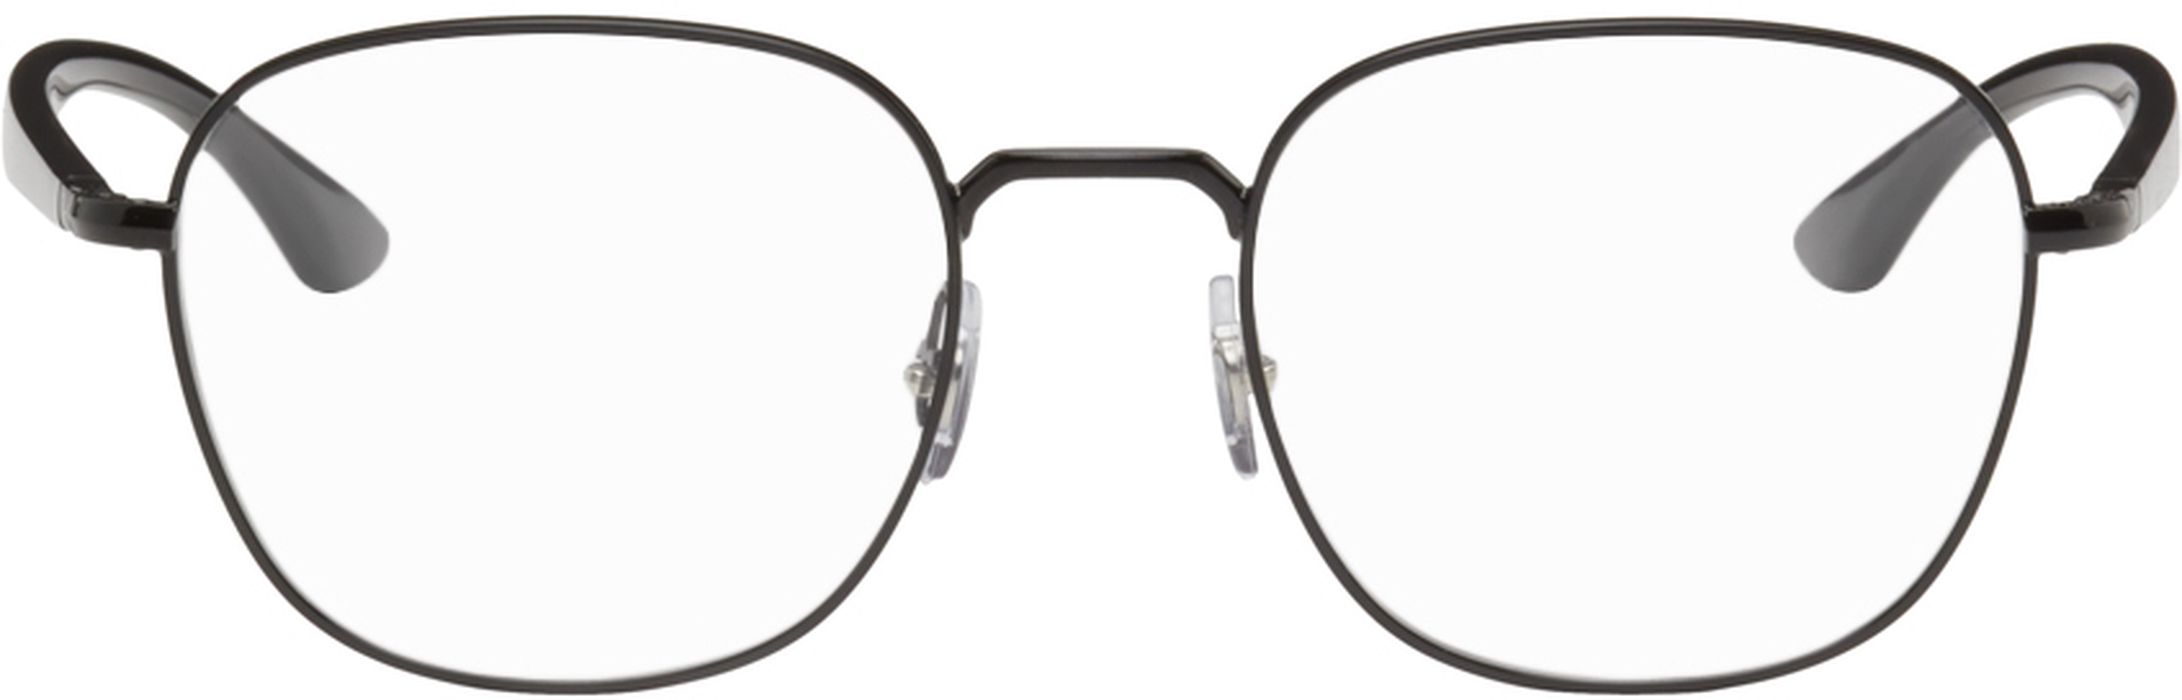 Ray-Ban Black RB6477 Glasses
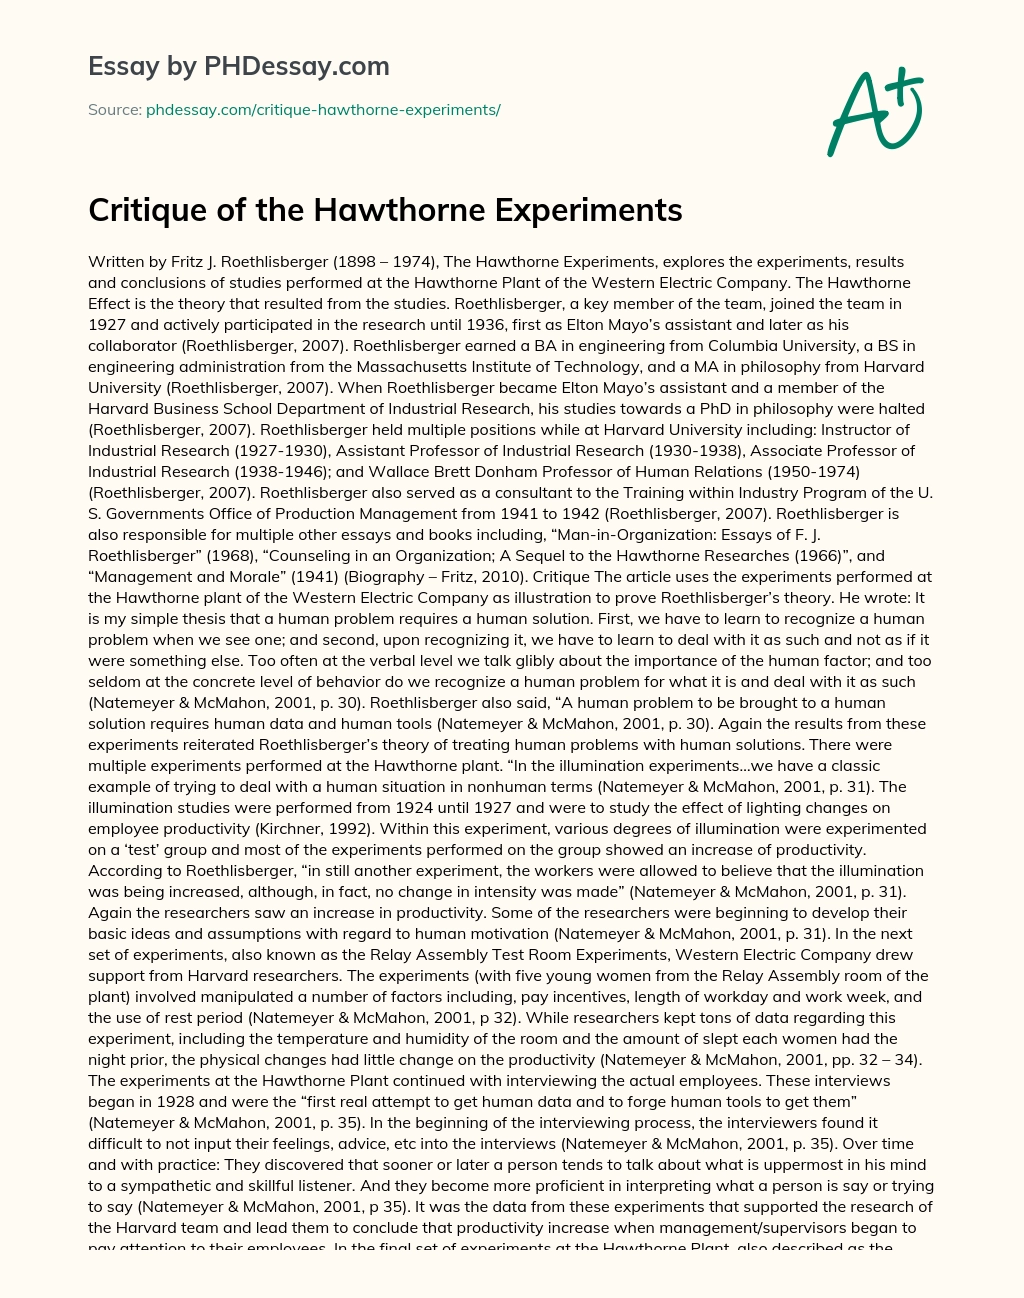 Critique of the Hawthorne Experiments essay
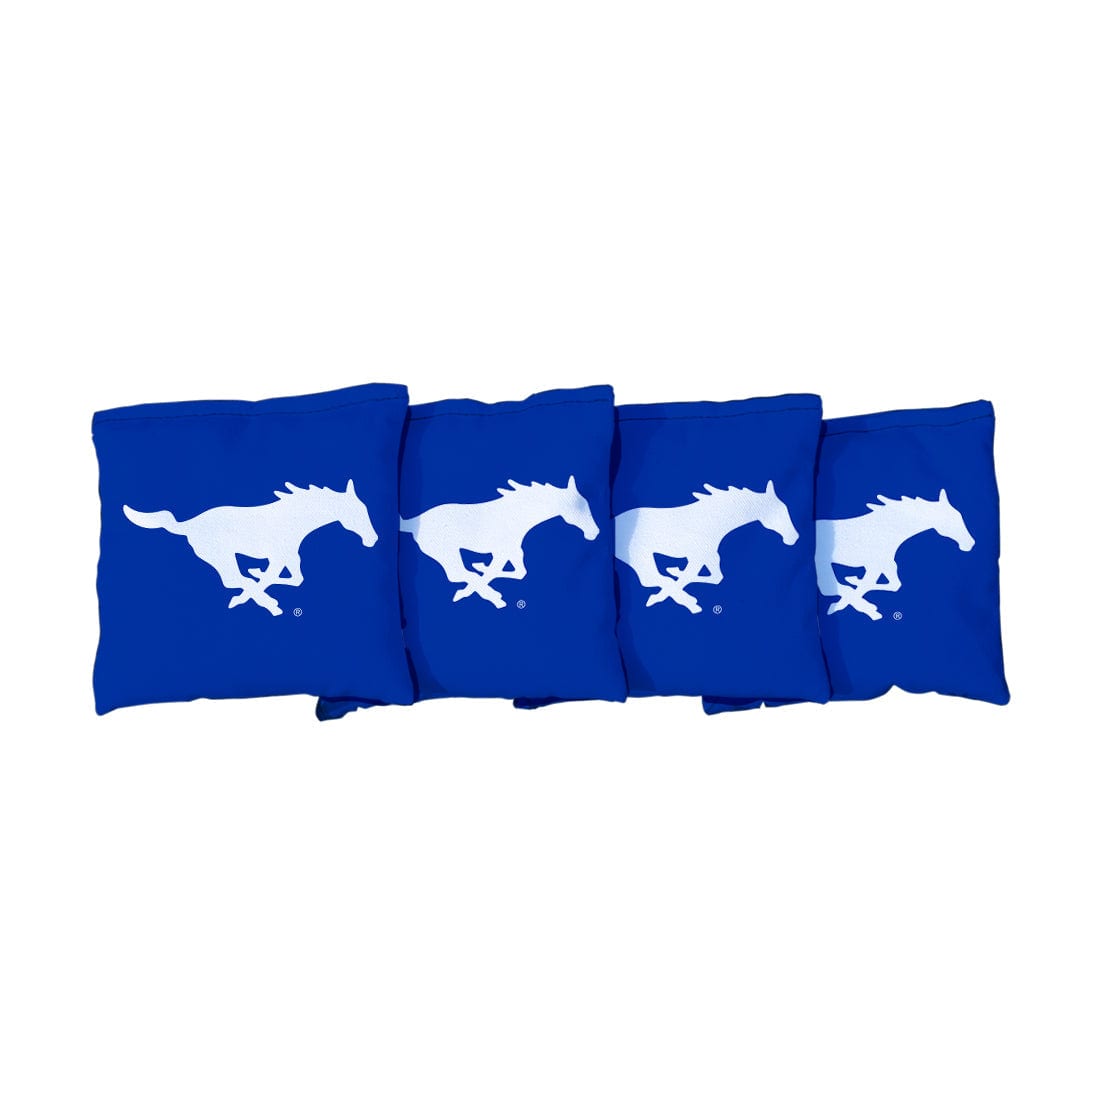 Southern Methodist University Mustangs Blue Cornhole Bags

------------------------------------------------------------

### Exercise directions
Since the pictures are not wanted, transcribe only the rest of the material above, exactly as it stands.

### Answer section
 Ray-Ban Black RB6477 Glasses
 Critique of the Hawthorne Experiments essay
 Southern Methodist University Mustangs Blue Cornhole Bags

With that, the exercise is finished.